Pandora was for sale up in Wolverhampton, furthest I’ve ever travelled for a snake. Fortunately we have access to a mini-bus so we could transport her and the huge vivarium back home so my dad and I went across the country to buy the snake, when we arrived I was less than impressed with the state of the vivarium- he had apparently just added new substrate for me but on closer inspection it seems that was just added to hide the bottom of the cage which was encrusted with old shed skin and dirty, it took a blade and a long time to pry it all off. Apparently he had previously been keeping her with his Burmese python as well which was my first experience with monumental stupidity from a snake keeper, I wasn’t keen. But I was keen on the snake, she was beautiful and I was absolutely impressed when he demonstrated how tame she was by holding his hand around her head without her reacting, personally if he put his hand near my mouth he’d have lost it. Aside from the shabby vivarium and poor keeping of the boa the chap seemed okay so I paid him £200 for the lot and we brought Pandora home. Upon returning on the 4 hour drive Pandora was naturally quite upset, and due to bad luck there happened to be a family gathering at my house when we got back. I had to take her from the duvet cover she was in and place her into her vivarium which proved to be insanely difficult, it was surprising how hurt I was by the comments my family made about how it was a stupid decision, how big snakes shouldn’t be legal, how it was dangerous. To me she was just upset about a long car journey and wanted time to chill out. On the drive home I had noticed her breathing was off and thought it might be a respiratory infection, so the next day I organized a vet visit for her in a few days. I met my local reptiles vet Mr. David Vawyer and he gave Pandora a few injections to help clear up the infection, I was ridiculously proud of myself for managing to diagnose it. 

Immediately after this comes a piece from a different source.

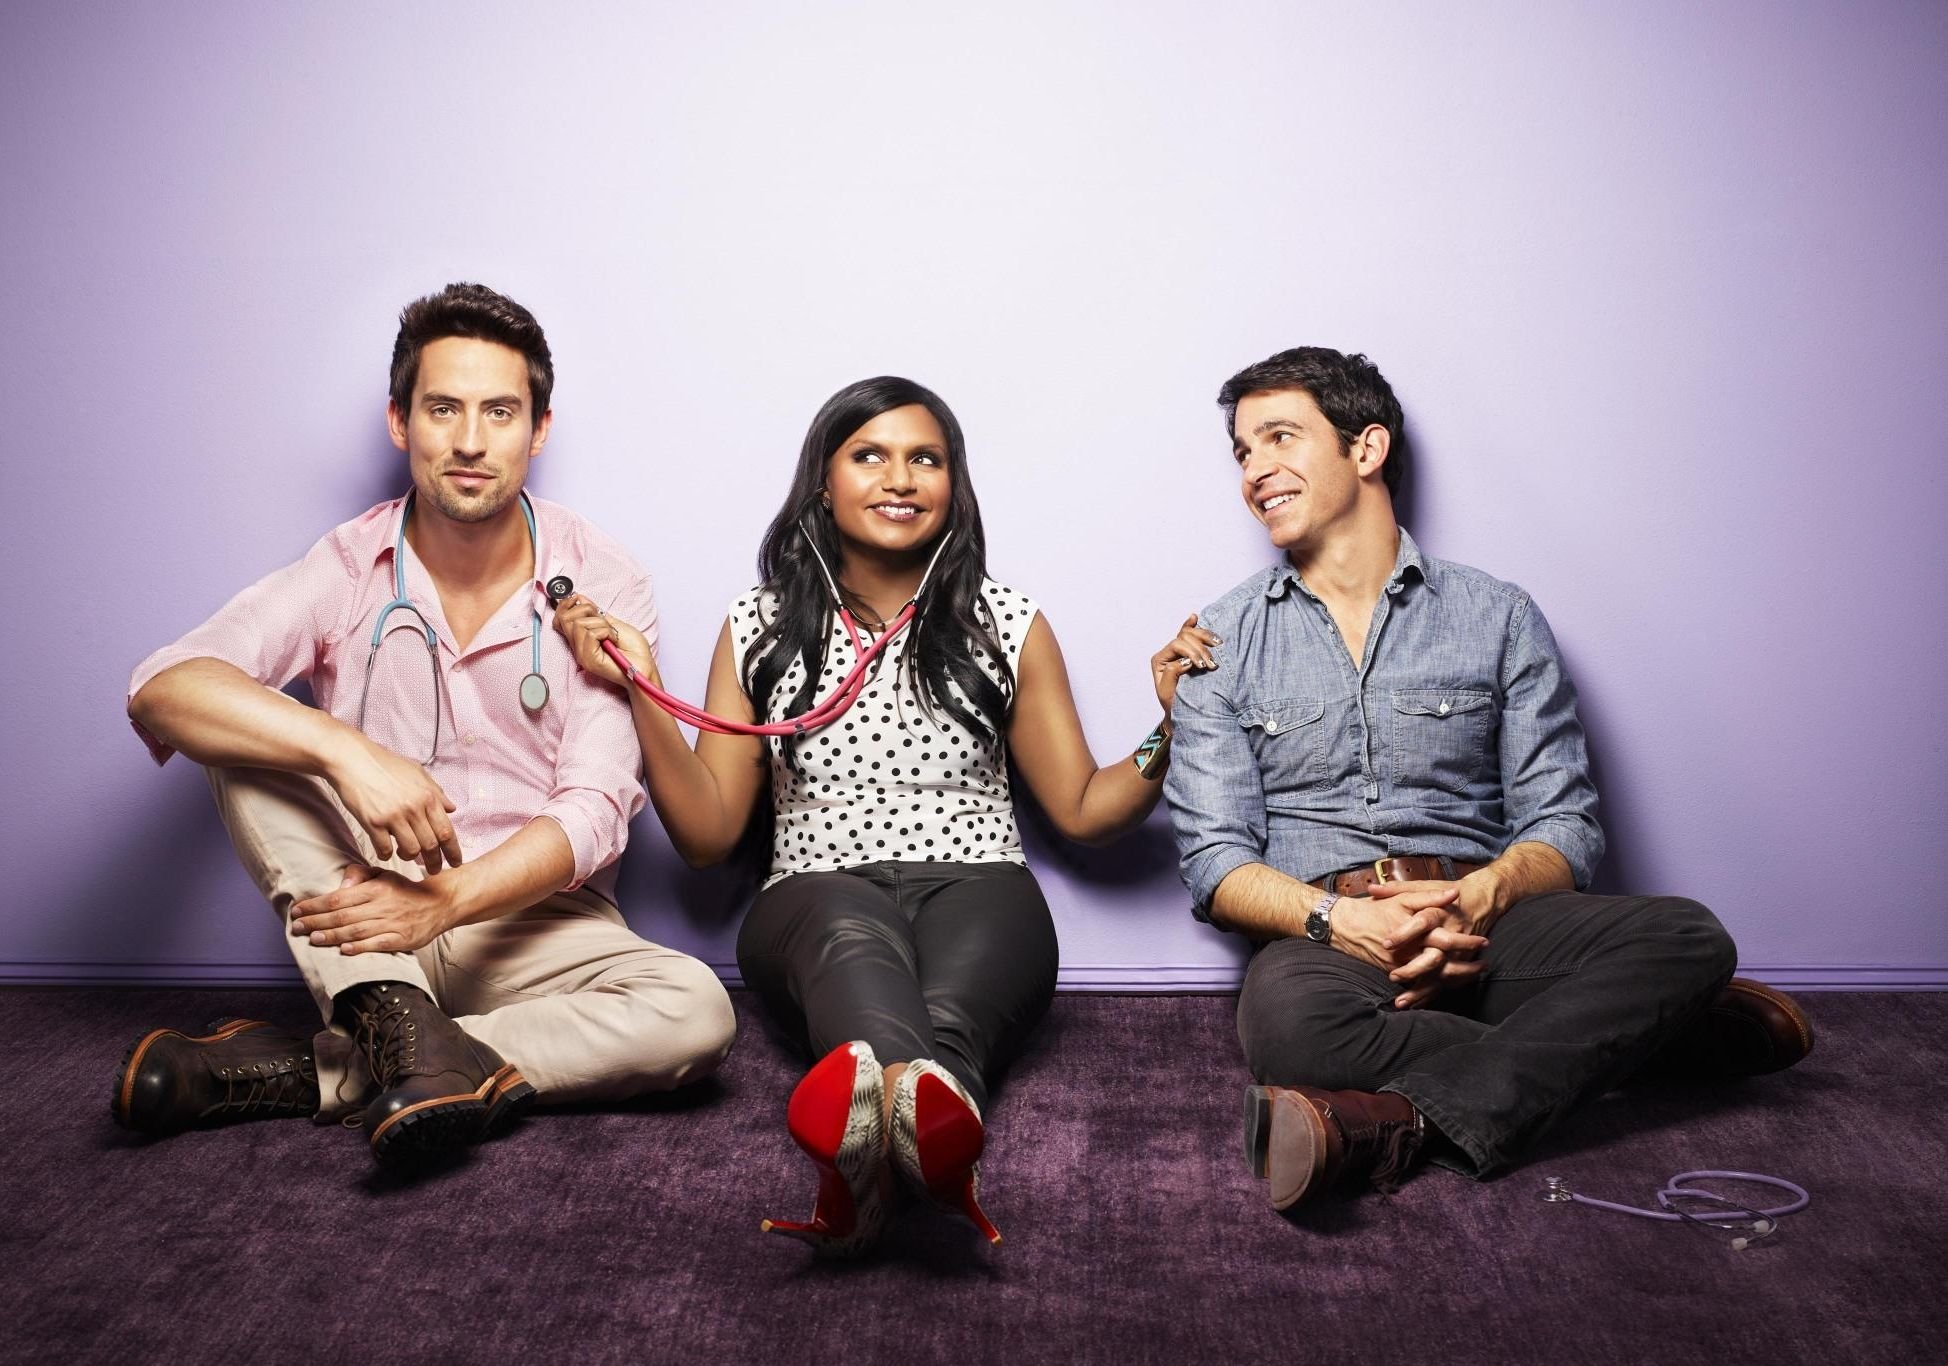 the, Mindy, Project, Comedy, Sitcom, Series, Medical, Romantic Wallpaper

It took a long, long time to get Pandora to eat. I was really worried about her and naturally as it was a new species and size of snake I was really hoping to see her strike and eat. It became a natural occurrence to throw these giant rats away every week. I assumed it was just the infection clearing up that was the problem, I would find out in a few weeks I was wrong and my whole world was about to turn upside down.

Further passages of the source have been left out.